“App-Flipping”
(▼)(▲)February 5, 2014
A tweet from Zac Cichy brought me to this article on a site called Blue Cloud Solutions. The author describes a process he calls “app-flipping” in which you buy the source code for an already made game app, reskin it, pack it full of advertisements, then put it back up on the store and milk it for one month. After that month is over, you reskin your engine again and repeat the process. Here are a few excerpts to give you a better idea of the shit this guy is talking about:
In other words, leverage the work that someone else has done by licensing or purchasing source code. My drug of choice is Apptopia because you can get an app in the store immediately before having to re-skin. If you go to another source code marketplace, you have to re-skin the game before you can launch. It just adds time to your bottom line, although sometimes you can get powerful engines for cheap.
[…]
Without fail, the best place to place advertisements is at the beginning of the game.
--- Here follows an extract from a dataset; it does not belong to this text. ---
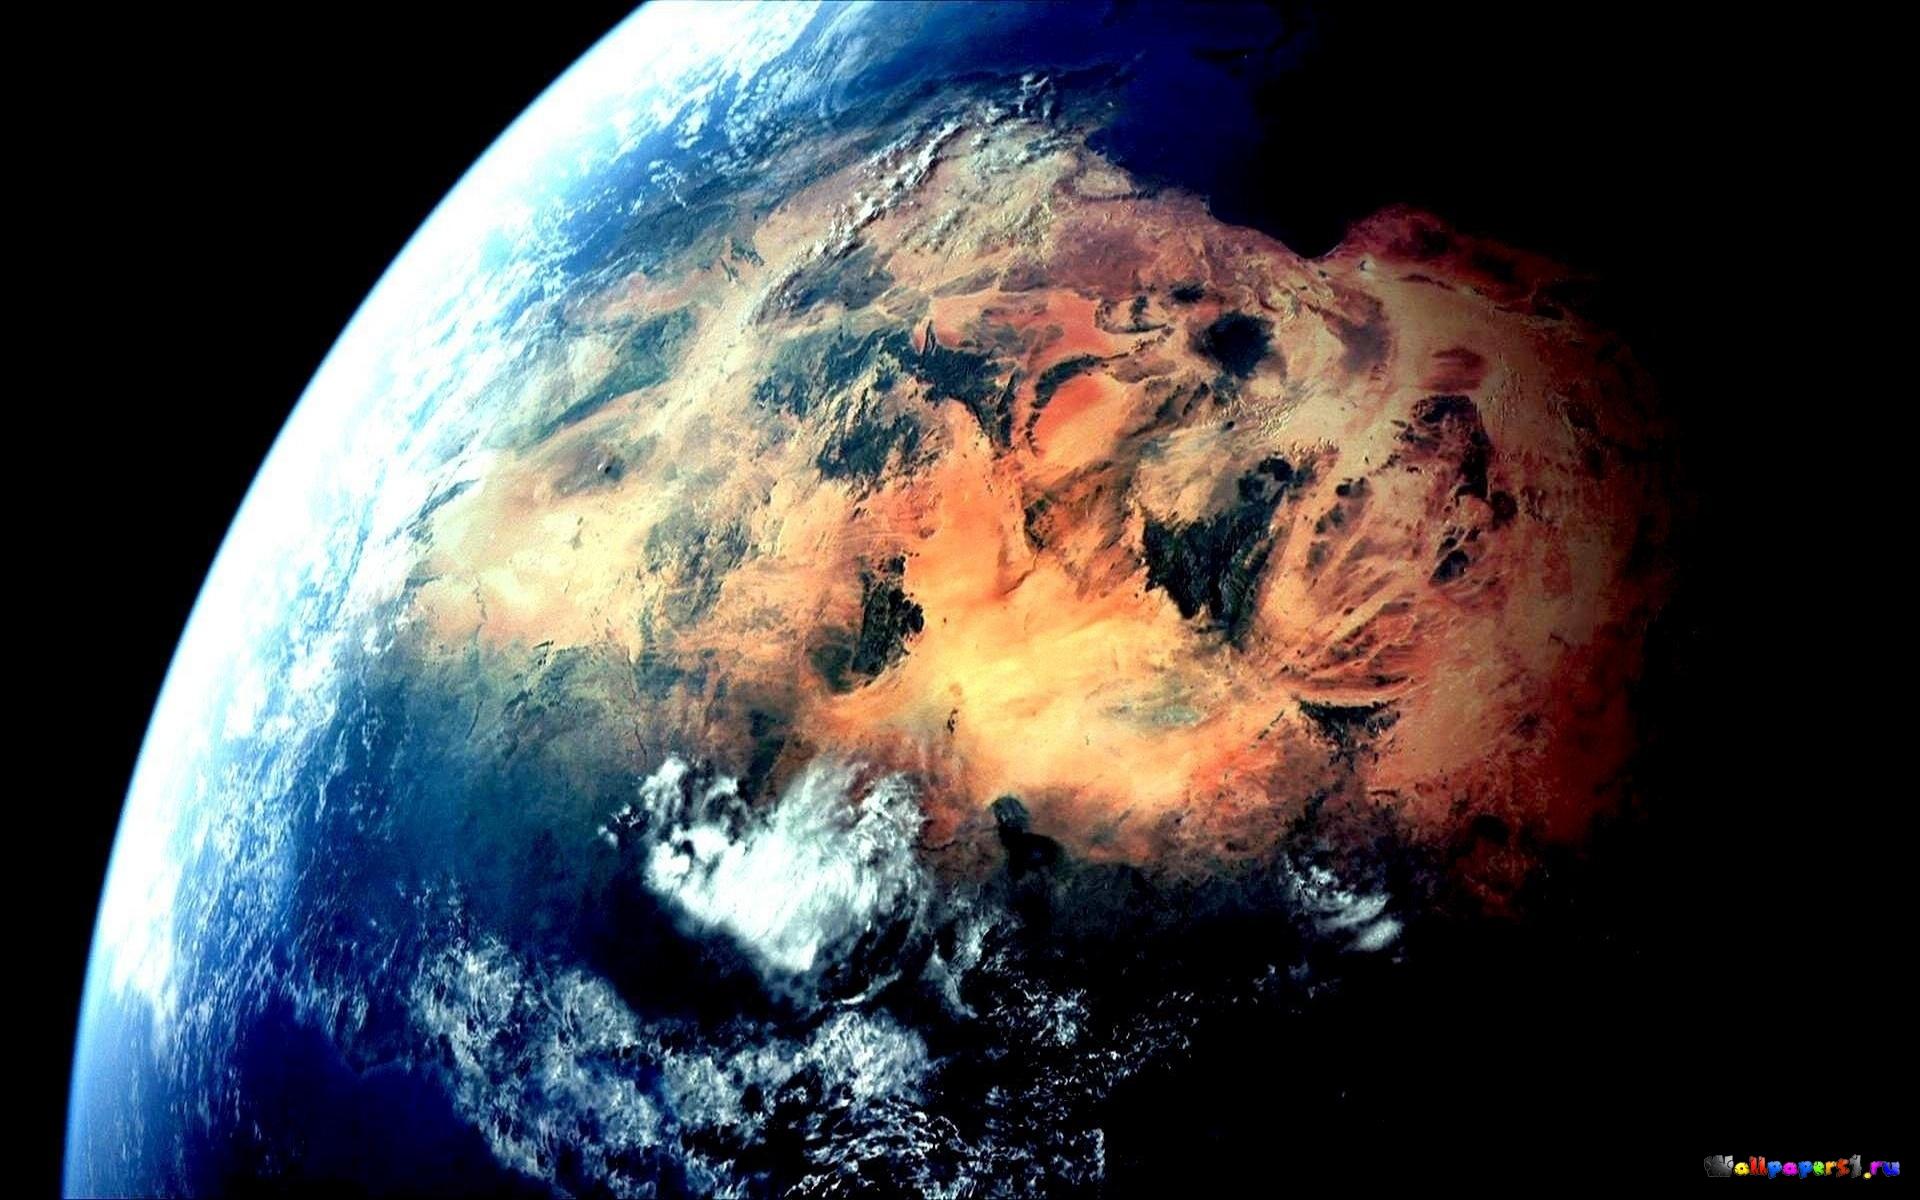 Обои Земля из космоса картинки на рабочий стол на тему Космос - скачать скачать

Use full screens and don’t be afraid to layer them. I use RevMob and Chartboost for iOS and launch them at the same time. It’s very aggressive, but it makes money.
The next is to place both these fullscreens on the Game Over action. The user jumps off a cliff and dies…BOOM you serve up both Revmob and CB. Same with when they hit the pause screen and exit back to the main menu. If they’re trying to leave the game, try to get them to leave in a way that makes you money. These ad networks hinge on selling installations of other games so you need to get users to click on the ads, go to the app store, then install the displayed game.
[…]
The trick is display as many ads as possible. Banner ads typically refresh on a 40-60 second interval, so you need to keep a user playing for about that long OR find ways to increase the number of times banners are served up.
I don’t think I’ve ever heard of a more deplorable practice. Shit like this is everything that’s wrong with the App Store. It has decended from a pinnacle of opportunity to a mad money grab where people don’t care about the user or the experience, but just want to make as much money as quickly as possible.
App-flipping and similar ideas are making it harder and harder for actually good developers to make money in the App Store. It’s devaluing the entire marketplace by packing it with worthless crap. I wish Apple would do something like check source code for apps and not allow those which are obvious clones of others to be released as new versions. What ever happened to the idea of working for your money and being proud of what you build?